Given data >>
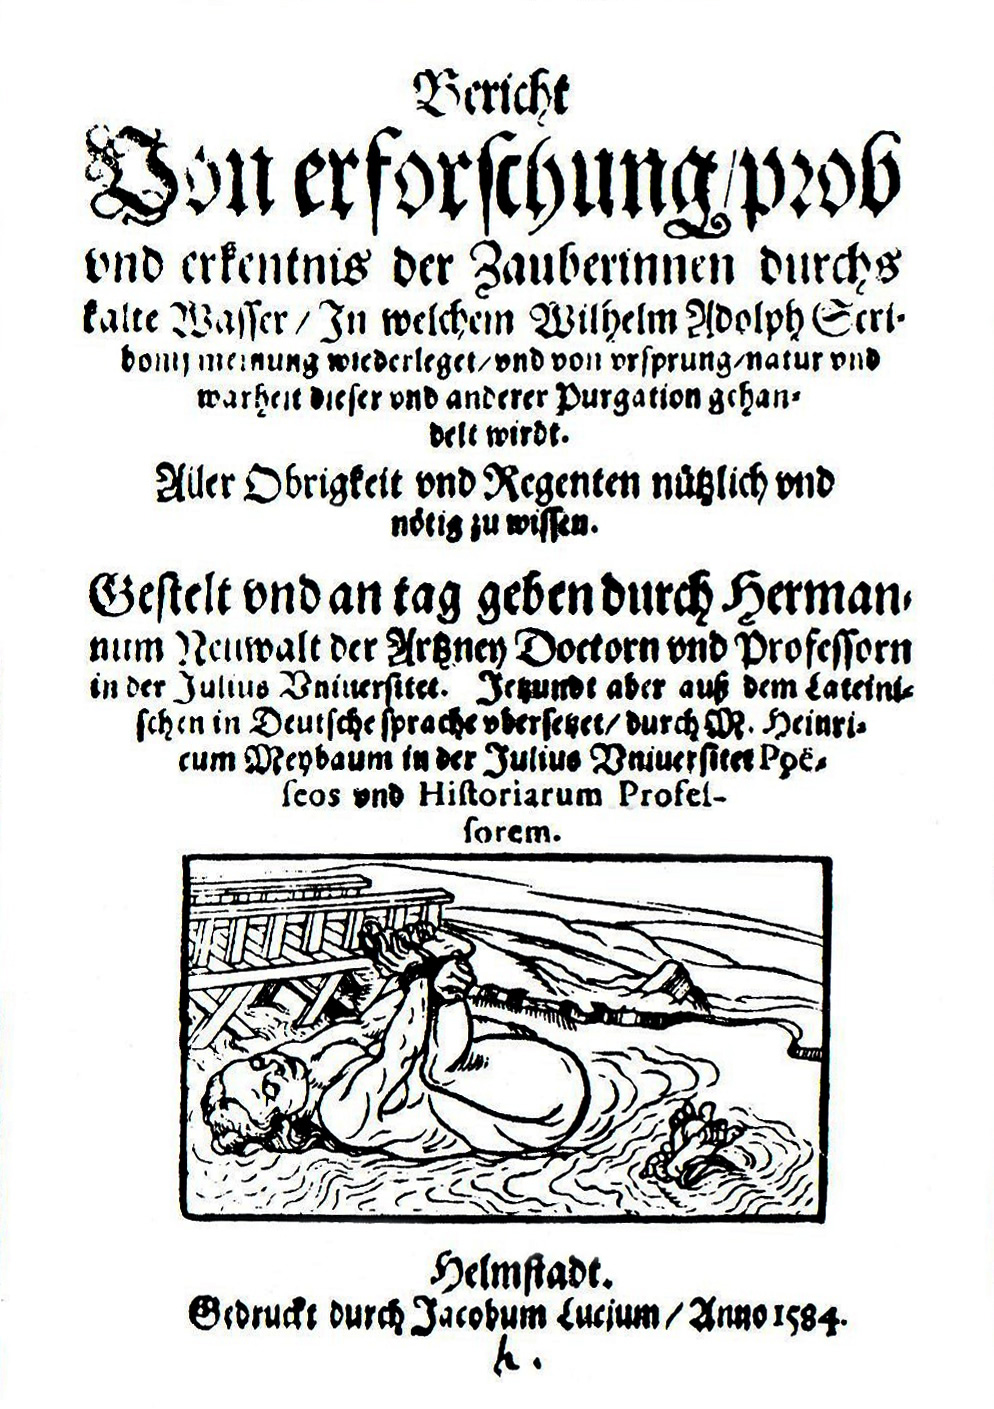 Wasserprobe, Titelblatt der Schrift von Hermann Neuwalt, Helmstedt 1581  (Quelle: Wikipedia, gemeinfrei)
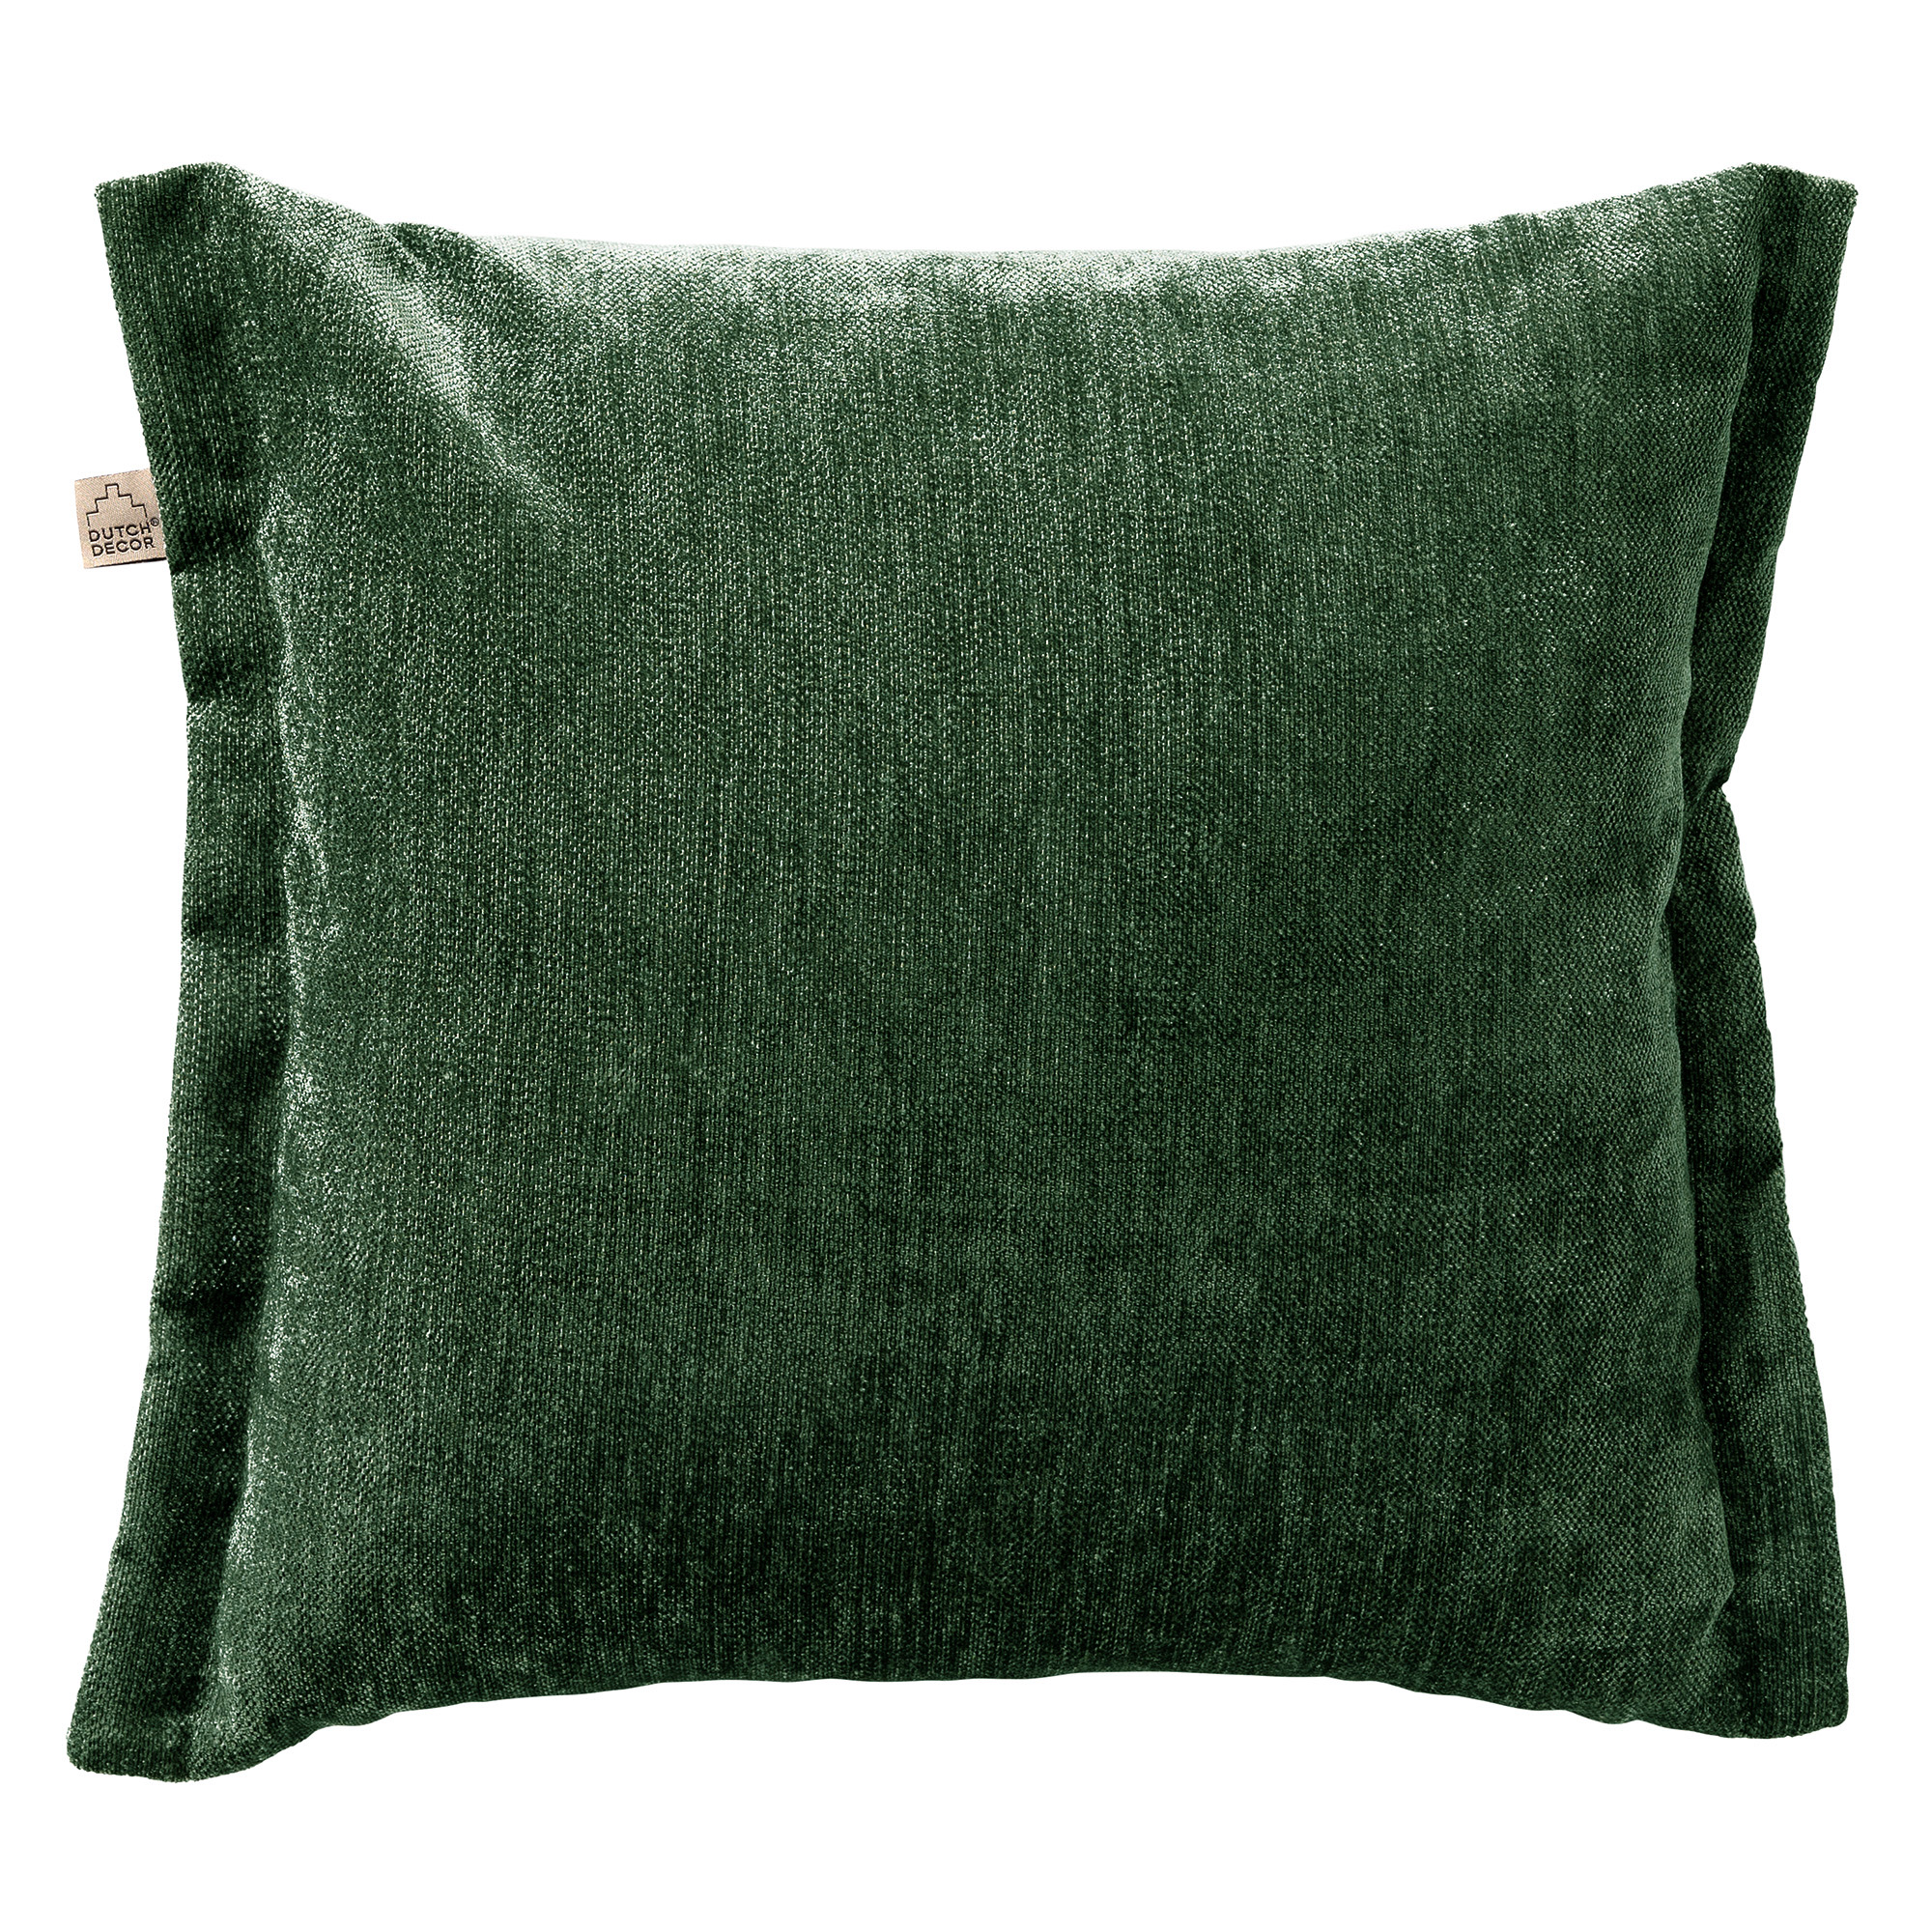 LEWIS - Cushion cover 45x45 cm - Mountain View - green
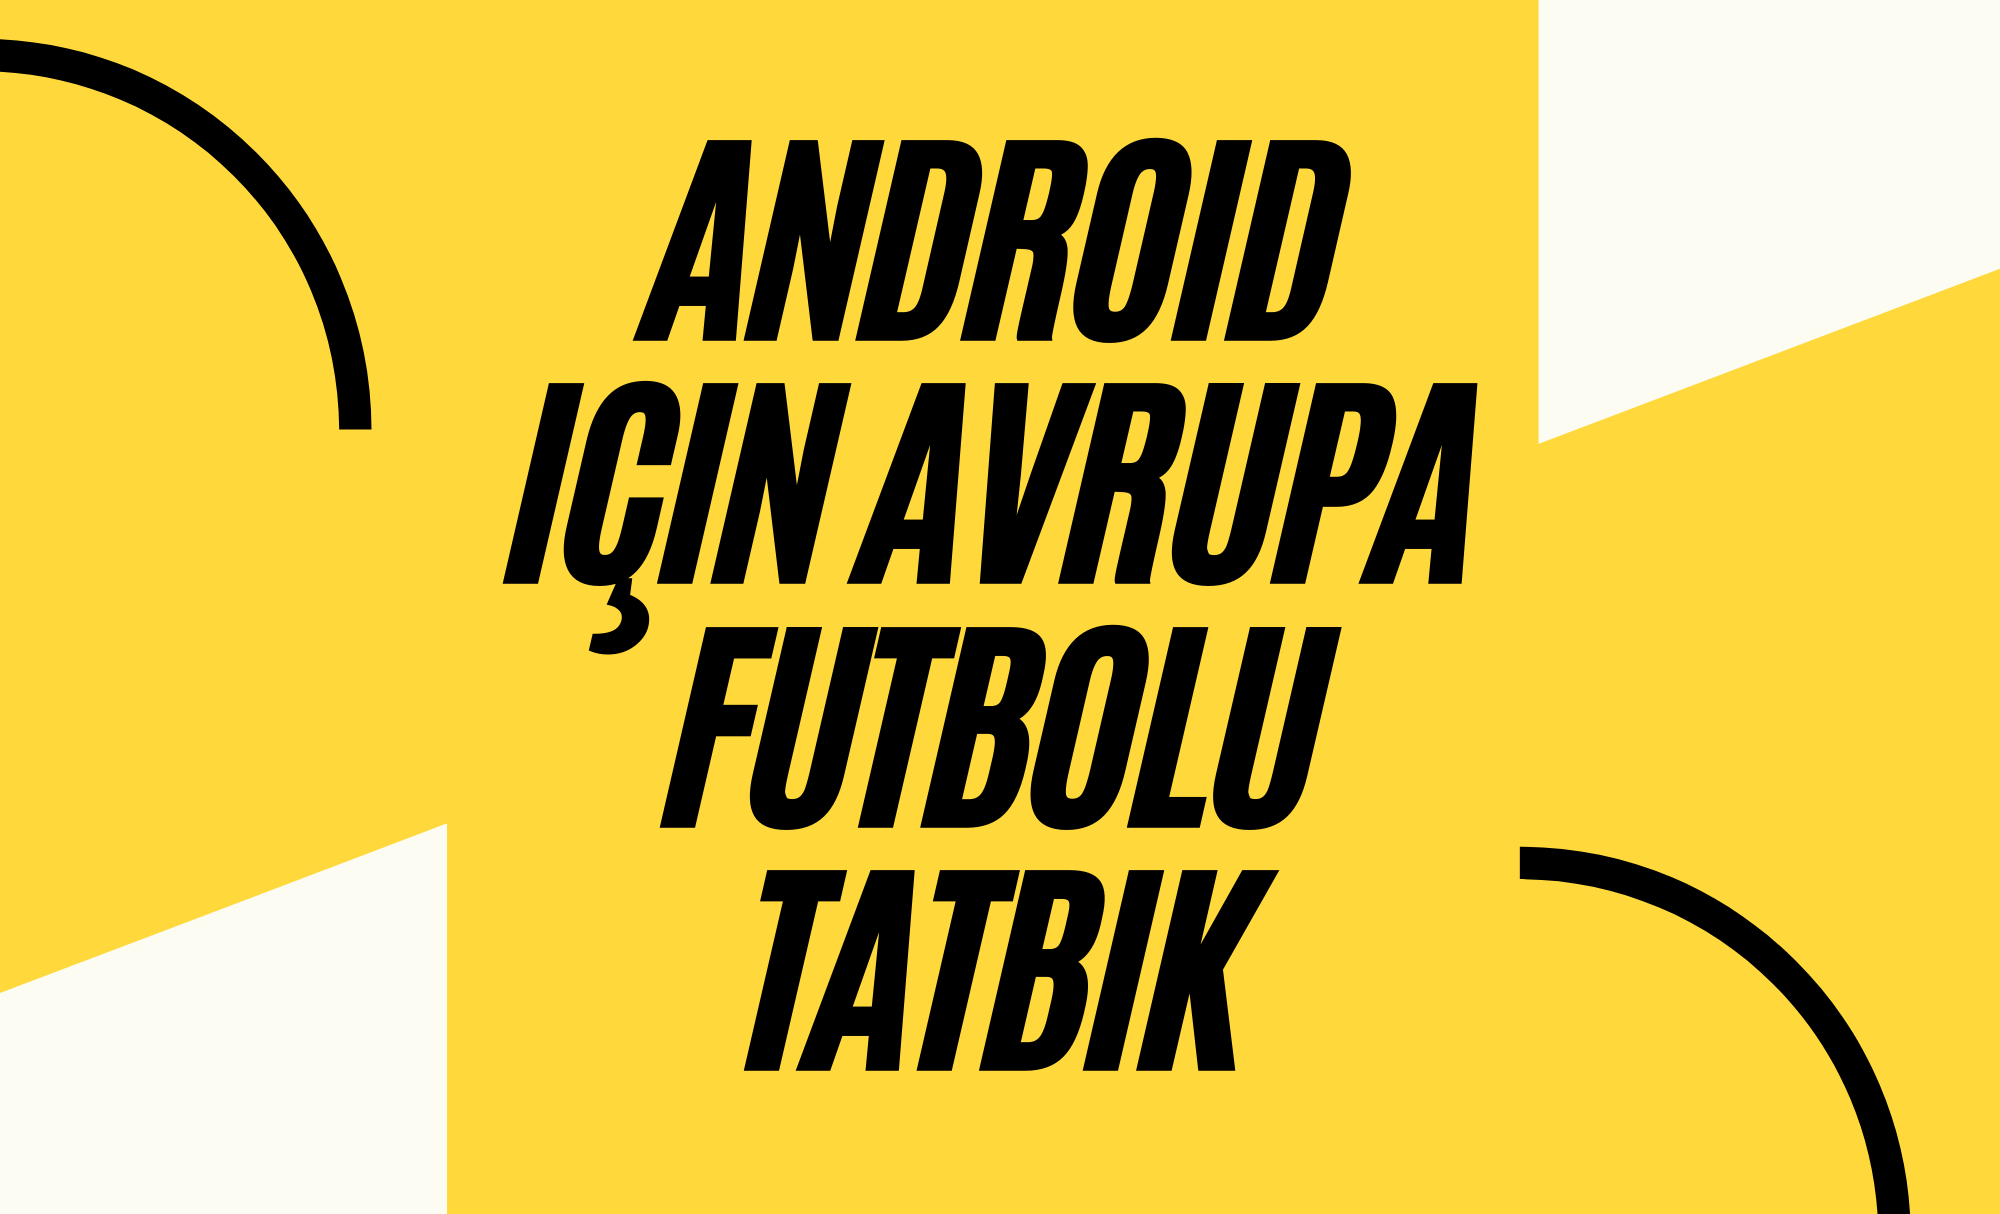 Android-için-Avrupa-Futbolu-tatbik
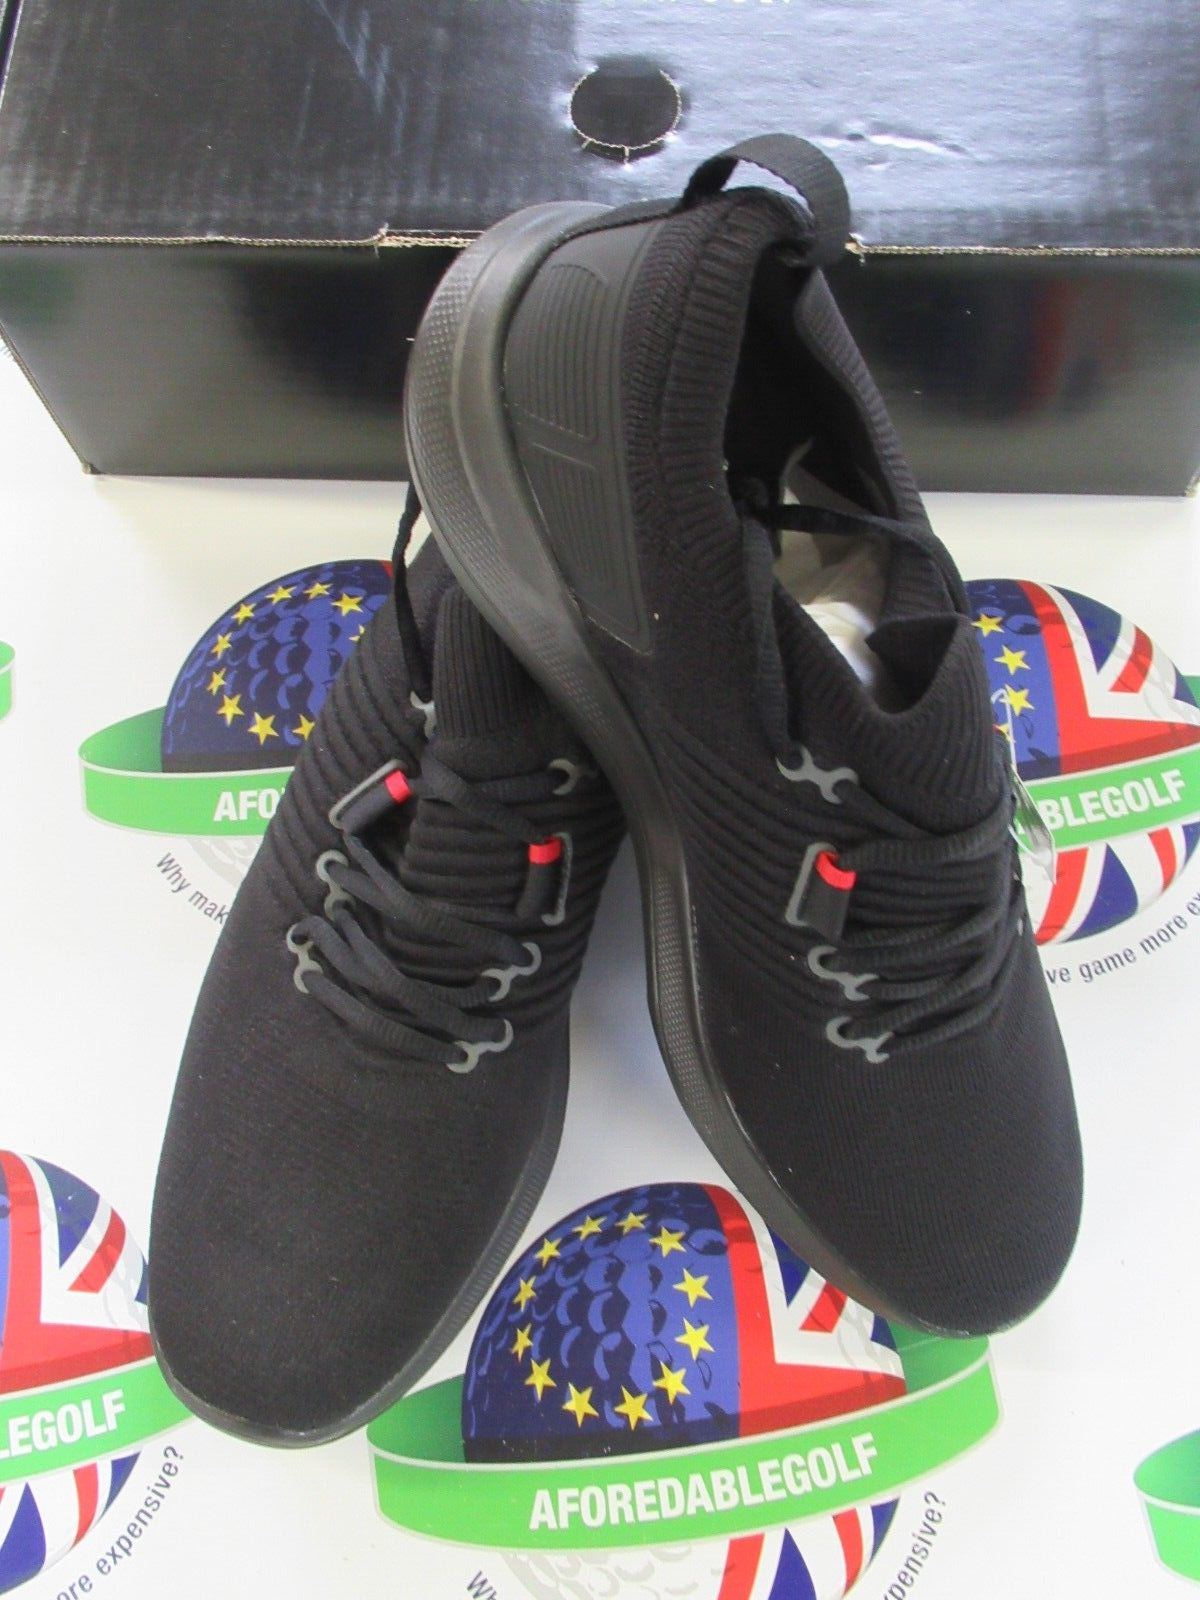 footjoy flex xp golf shoes 56271k black uk size 8.5 medium

Aim of the task >> Print every line of the material exactly as written, but drop the pictures.

Answer for the task >>
 Wasserprobe, Titelblatt der Schrift von Hermann Neuwalt, Helmstedt 1581  (Quelle: Wikipedia, gemeinfrei)
 LEWIS - Cushion cover 45x45 cm - Mountain View - green
 Android-için-Avrupa-Futbolu-tatbik
 footjoy flex xp golf shoes 56271k black uk size 8.5 medium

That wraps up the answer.